START SUPPLIED INFORMATION

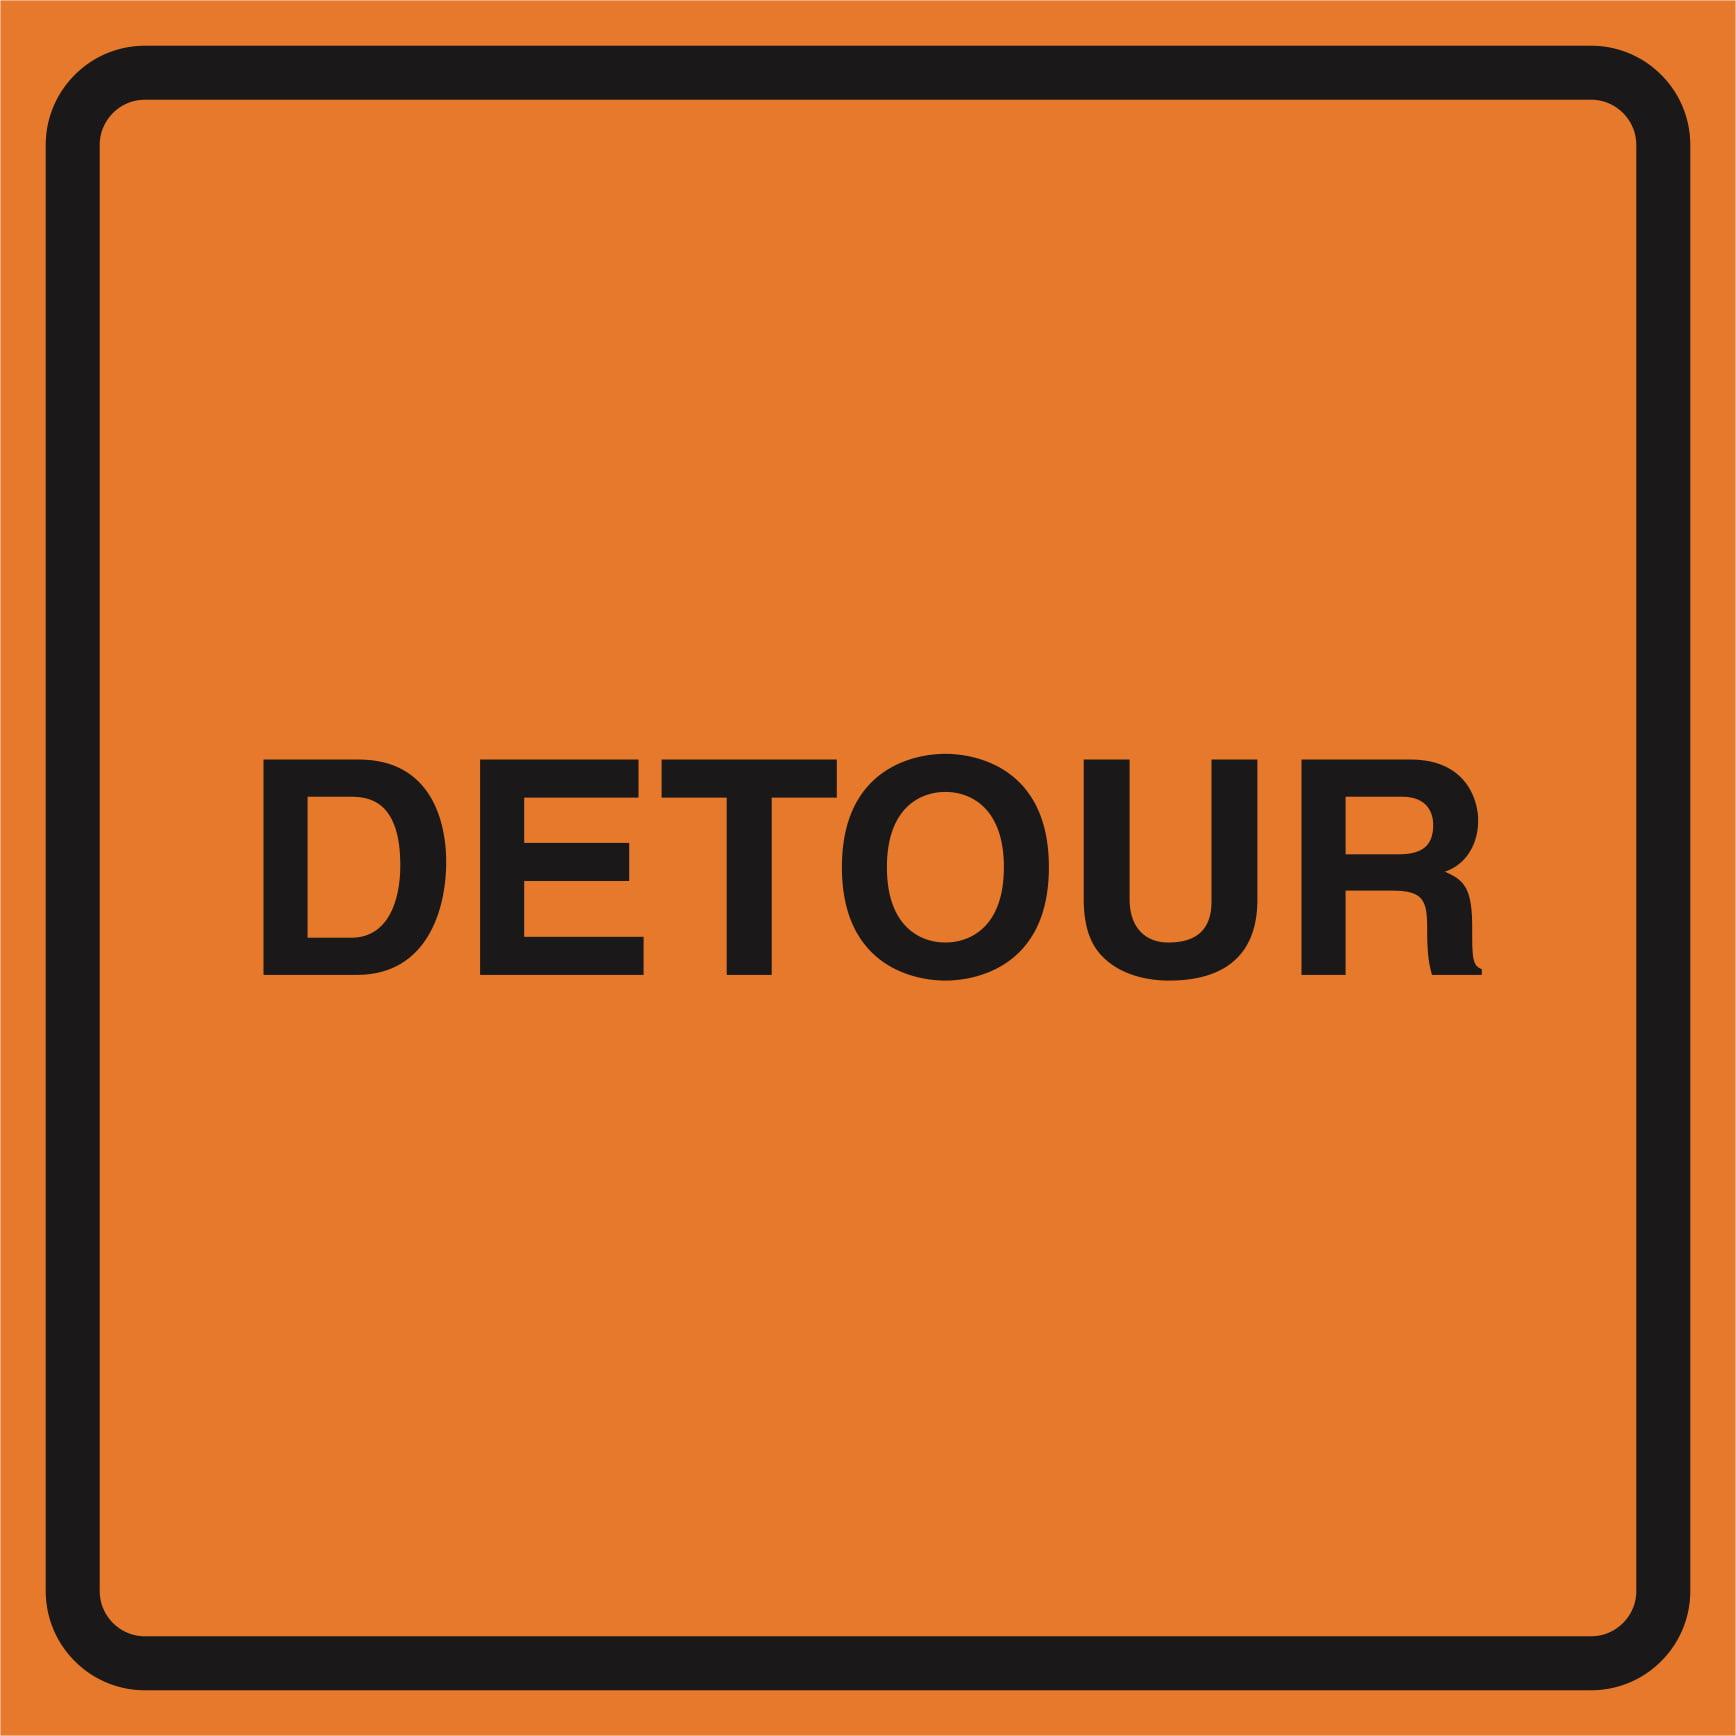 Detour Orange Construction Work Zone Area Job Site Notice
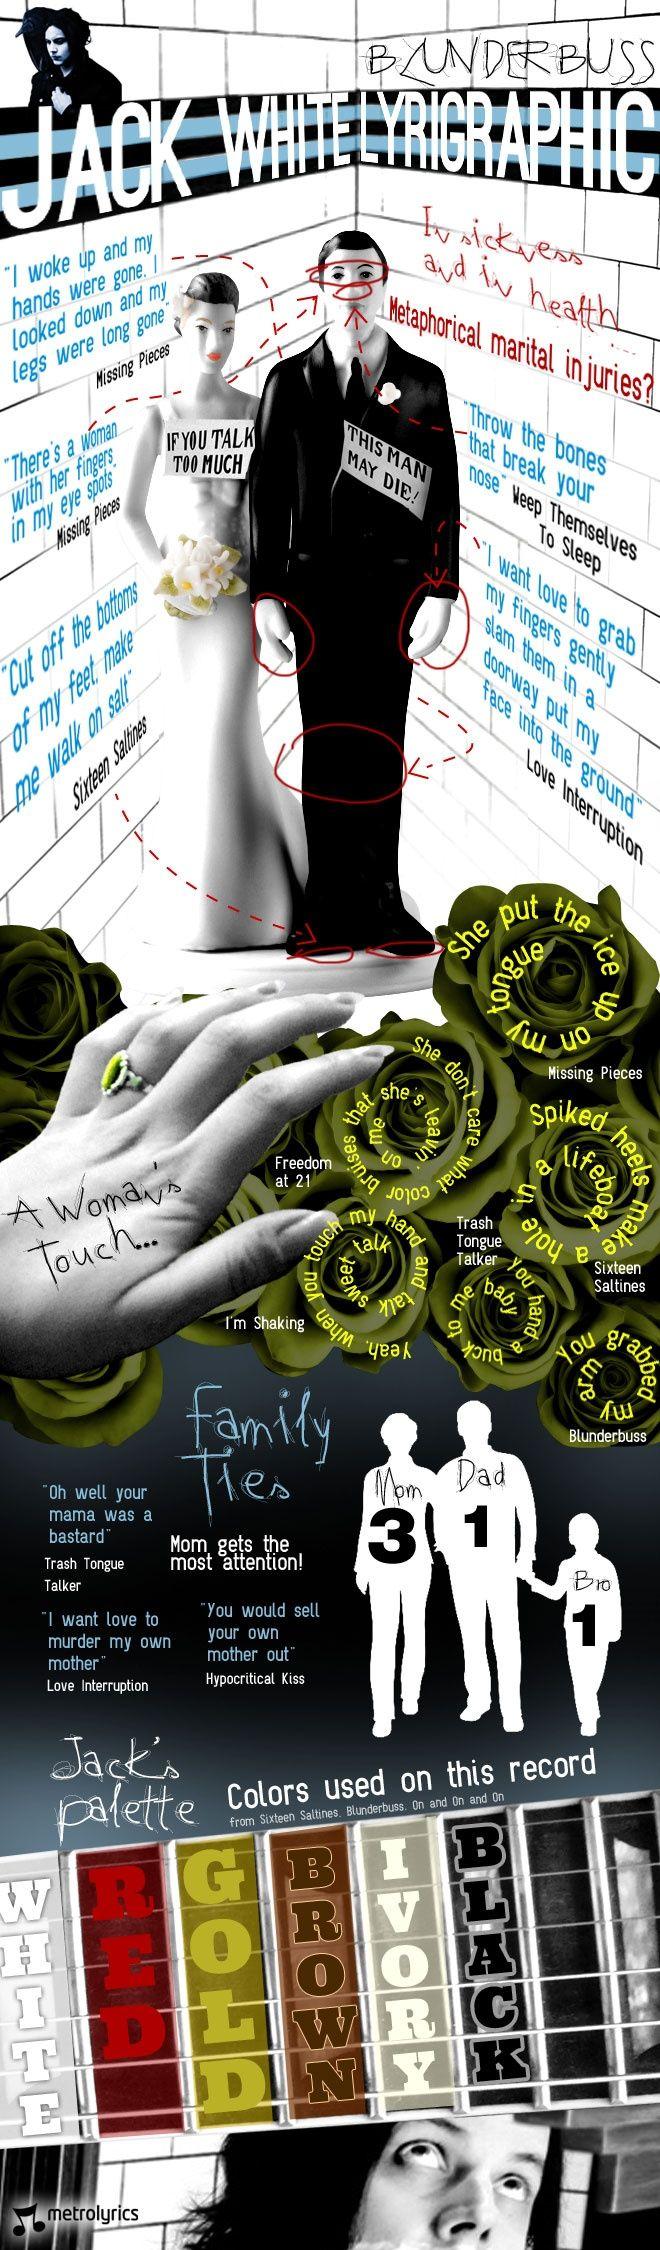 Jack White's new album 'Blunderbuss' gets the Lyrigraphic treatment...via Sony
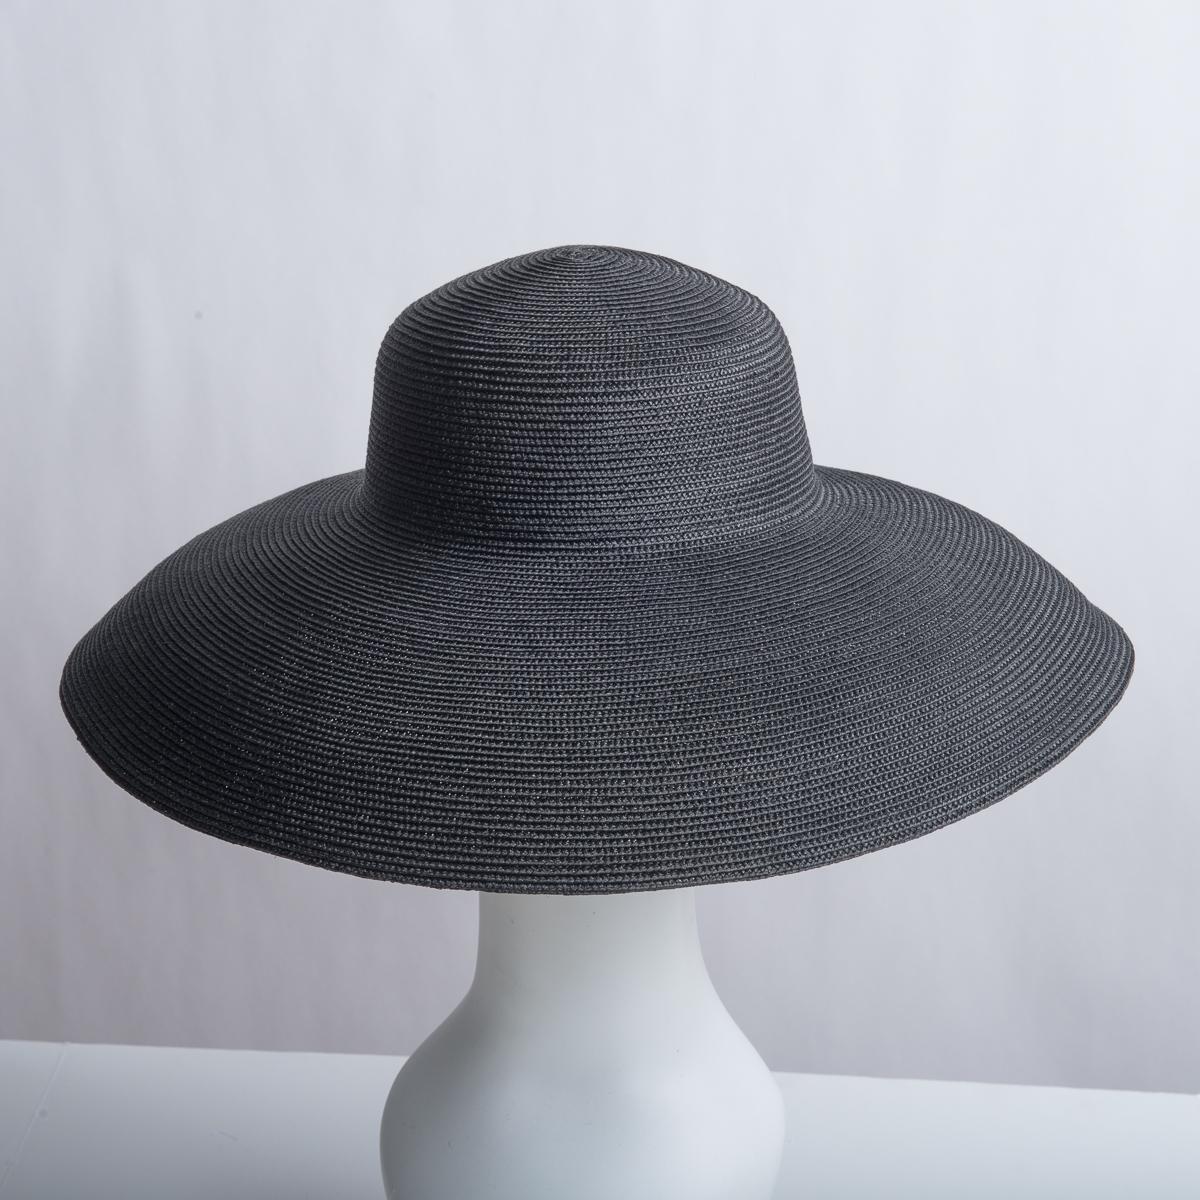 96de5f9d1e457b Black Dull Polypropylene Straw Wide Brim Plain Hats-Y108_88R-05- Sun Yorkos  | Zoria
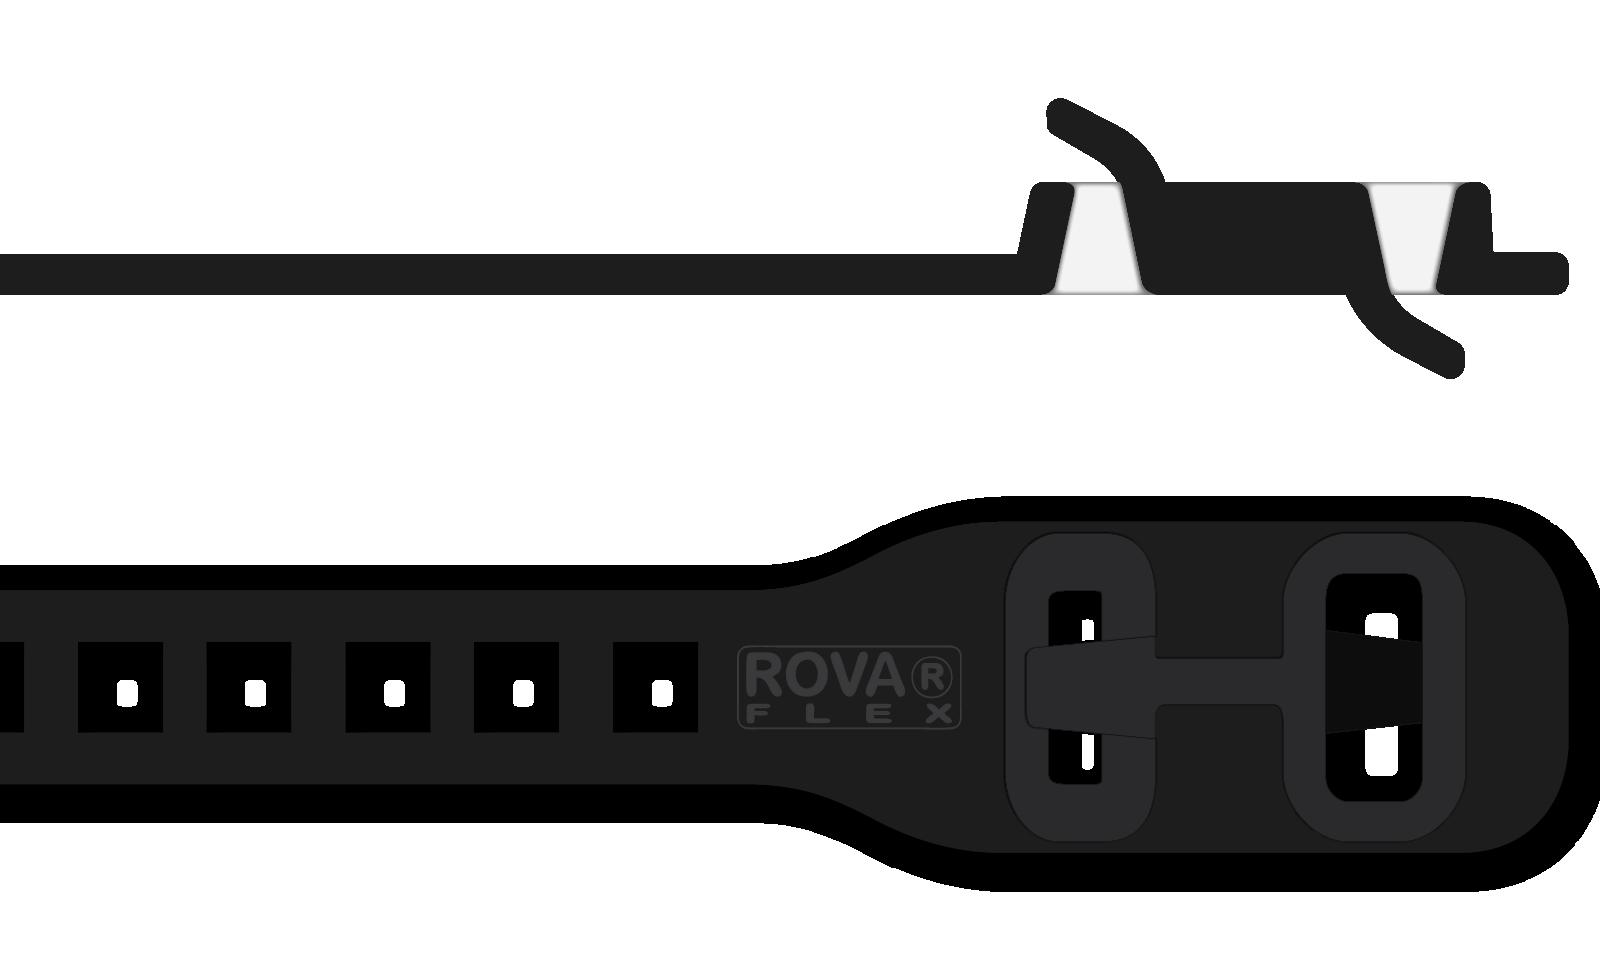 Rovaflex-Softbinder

END SUPPLIED INFORMATION

*PROBLEM DESCRIPTION*: Provide the lines again, unchanged, from where the data above begins through the line containing "96de5f9d1e457b Black Dull", both ends included, omitting pictures and adding nothing.

*RESPONSE BELOW*:
 Detour Orange Construction Work Zone Area Job Site Notice
 Jack White's new album 'Blunderbuss' gets the Lyrigraphic treatment...via Sony
 96de5f9d1e457b Black Dull Polypropylene Straw Wide Brim Plain Hats-Y108_88R-05- Sun Yorkos  | Zoria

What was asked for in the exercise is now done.